The state of Hyderabadi food is a bit like that of Indian sports, where cricket rises so tall, everything else becomes mere underbrush. Biryani occupies that position and everything else in the cuisine is relegated to an also-ran. You might protest this—you may have tried haleem, nihari and shahi tukde. However, there is so much more to Hyderabadi cuisine. So where do you get to experience Hyderabadi cuisine beyond the run-of-the-mill dishes you find at the restaurants? Here's the list:

Home lunch at Lamakaan

Home lunch at Lamakaan. Photo: Nishat Fatima

A cultural space with free wifi, Lamakaan has become an integral part of the Hyderabadi cultural landscape, as it hosts plays, concerts, lectures, and also has an organic market. It also houses a canteen that serves a typical Hyderabadi home meal of khatti dal, mutton kheema and rice. The khatti dal is a runny preparation of tur dal, given its tang using tamarind water, and tempered with mustard seeds, zeera seeds, garlic and curry leaves. The flavours of the dal are balanced by the spice and umami of the kheema. Khichdi, kheema, and ghee is a widely eaten breakfast combination here. Cost: Rs170-200. Contact: 9642731329

Luqmi at Mountain Bakery

Luqmi at Mountain Bakery. Photo: Nishat Fatima

The luqmi, a crusty pastry parcel stuffed with meat, is the unique Hyderabadi version of the samosa. It seems samosas found its origin in Persia, where it was served with minced meat, dry fruits, and nuts in the court of the Ghaznavid empire. In Hyderabad, the luqmi is savoury, square-shaped and has more crust ratio than a samosa. It used to be the first course at wedding feasts but fell out of favour in the late '90s. Luqmis are in the process of a revival now, mainly thanks to the owner of Mountain Bakery. MA Khader was one of the first to introduce luqmi to the menu in 2006. The fact that it is sold out in just a few hours proves that it is some of the best you may find in the city. Cost: Rs30. Contact: 9701007786

Chowki dining with Dilnaz Baig

A meal at Dilnaz Baig's home ends with a traditional Hyderabadi paan. Photo: Nishat Fatima

Till the early 1970s all meals in Hyderabad were served on chowkis or low four-sided tables, and people sat on the floor with bolsters to lean on. Now, everybody uses tables. But you can still get a taste of the traditional home-cooked food and the old-style setting at the home of one of the city's well-known families.

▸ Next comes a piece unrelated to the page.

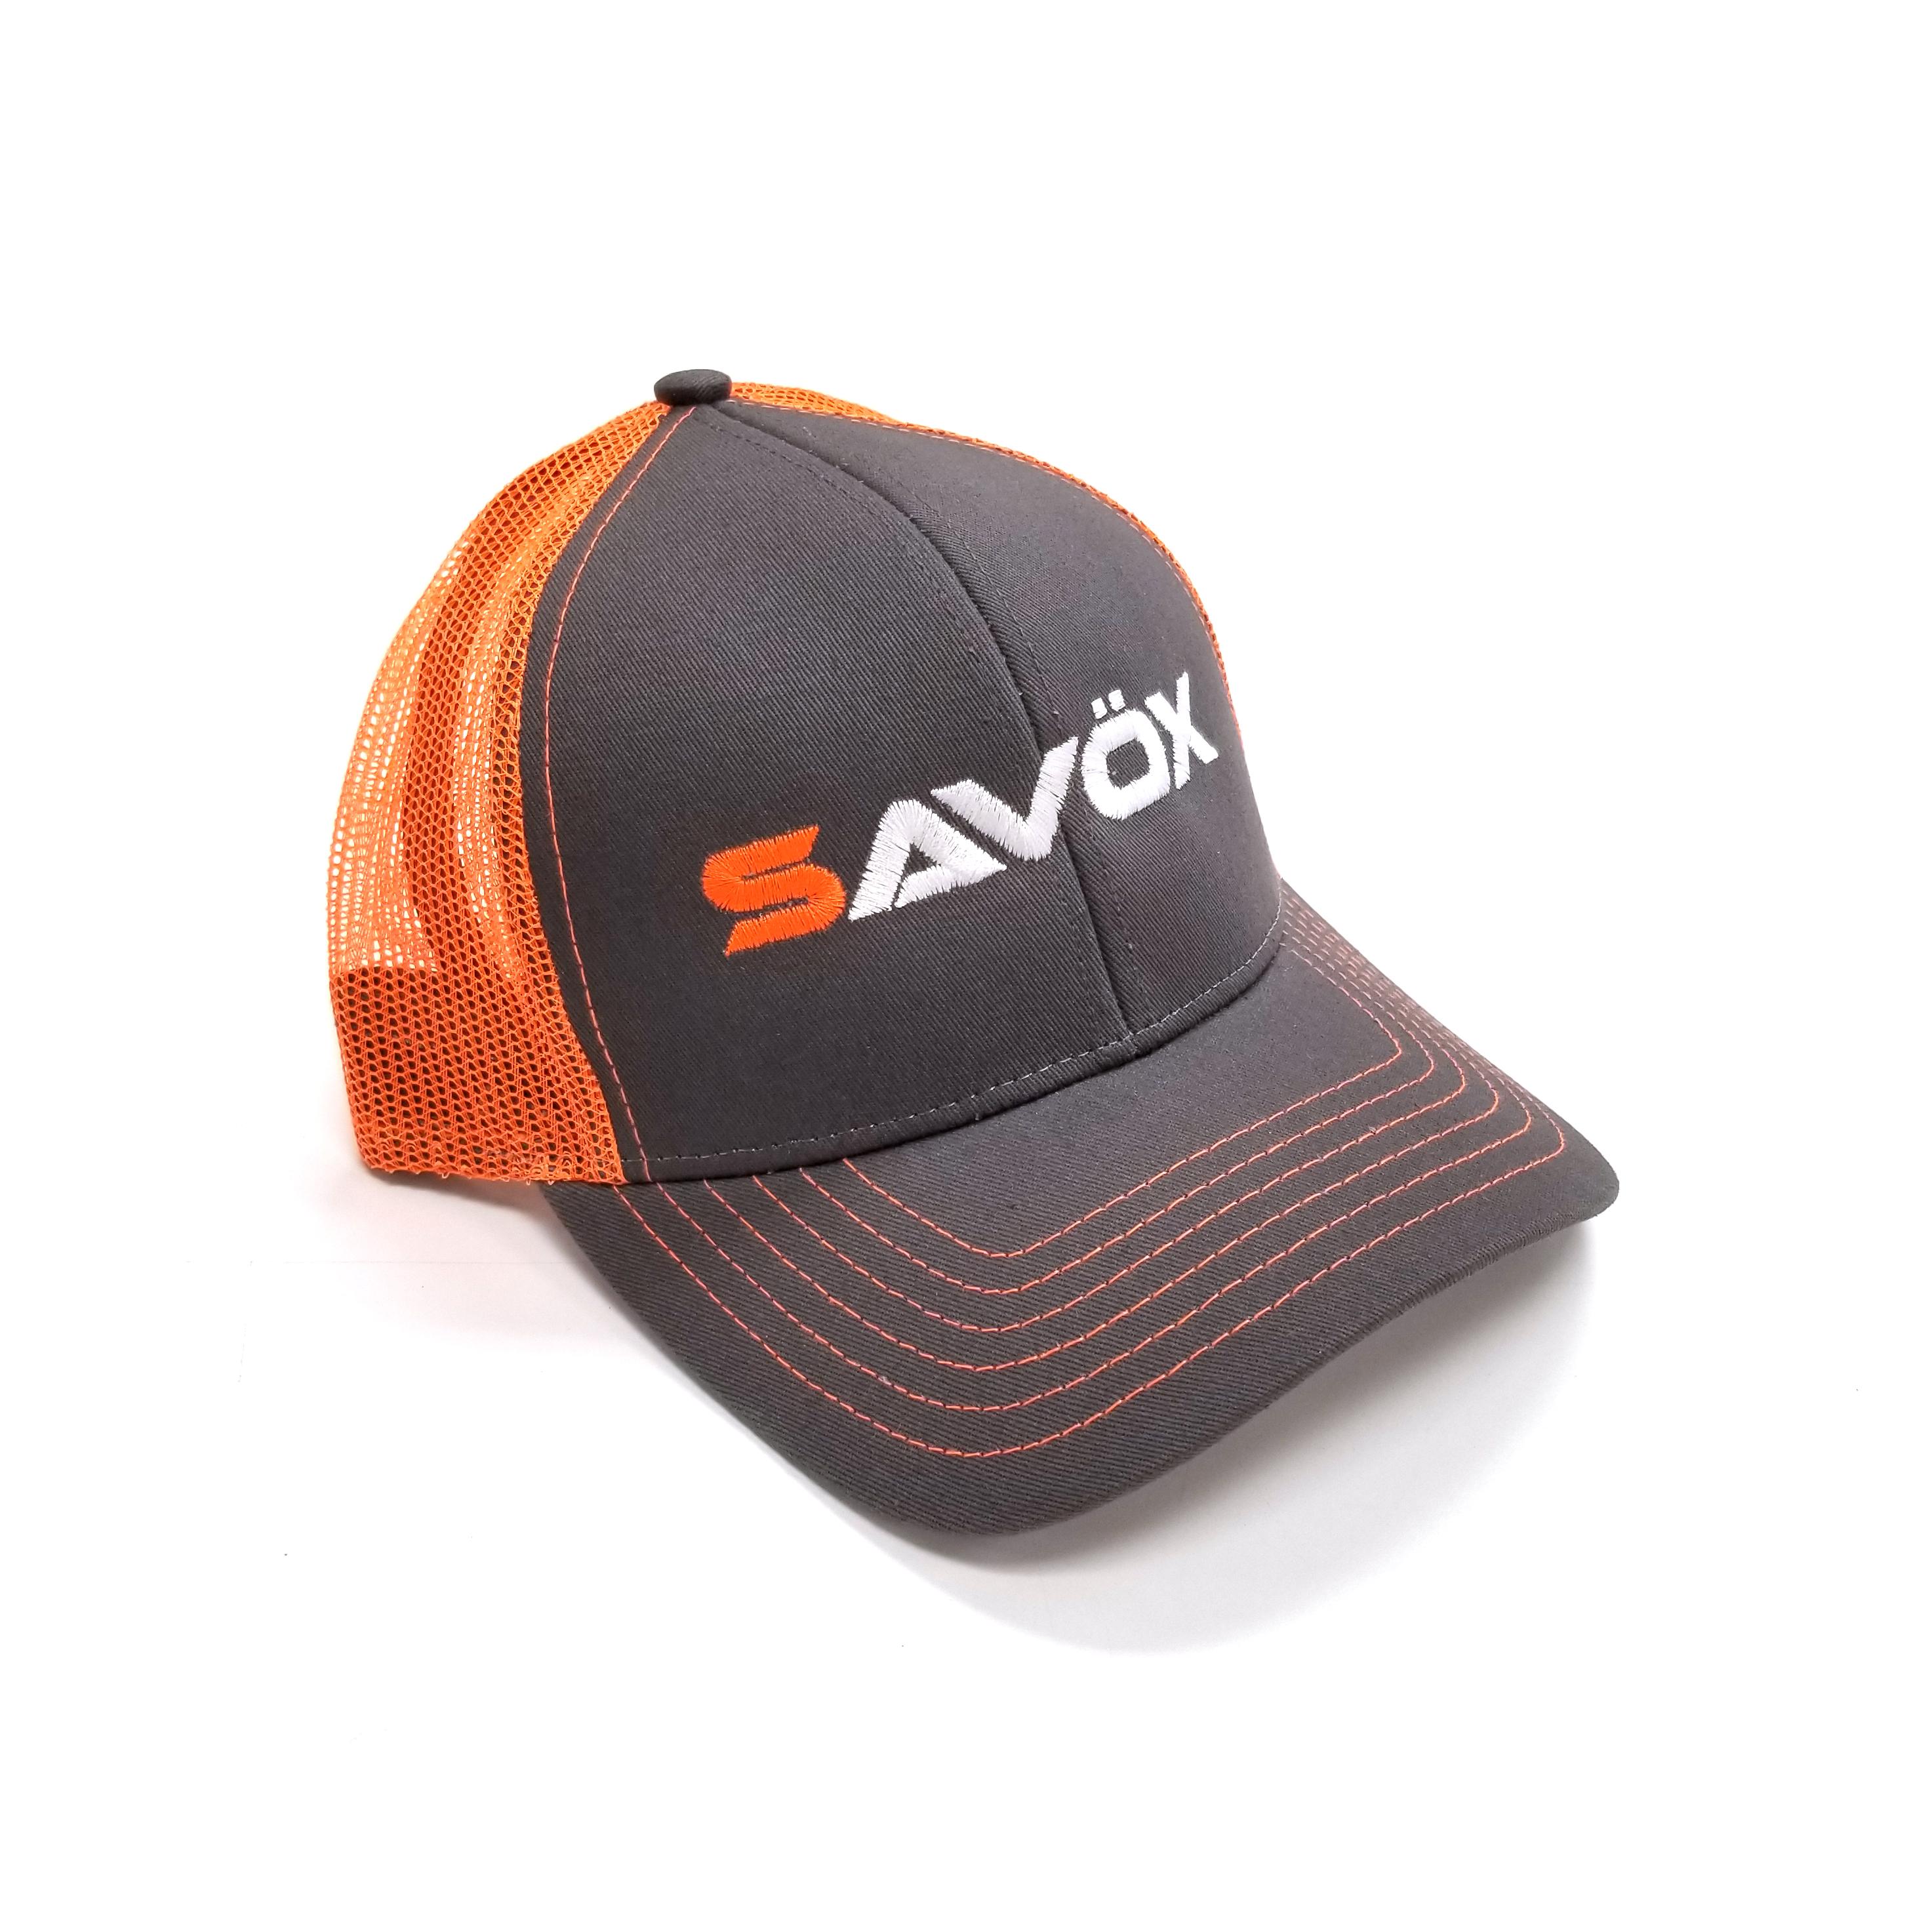 Mesh Back Trucker Cap Hat

Dilnaz Baig, a repository of Hyderabadi nuggets, and the founder of the city's Shaam-e-Ghazal chapter, opens up her beautiful home in Banjara Hills and serves a three-course meal that includes shikampur (mutton patty stuffed with onion), diwani handi (mixed vegetables), dum ki murghi (semi-dry chicken flavoured with almonds, chashew and khoya), tamatar ka kut (thick tomato curry usually served with eggs), sheermal (sweet bread), haleem (pounded wheat and mutton cooked overnight), khubuli (chana dal biryani-type rice preparation), bot ka halwa (made from almonds), khubani ka meetha (stewed apricot pudding), and ande ki piyosi (baked egg, almond and khoya dessert) and is finished with a Hyderabdi paan made from a Paan-daan. Cost: Starts at Rs2,000 per person. Contact: 9292958761.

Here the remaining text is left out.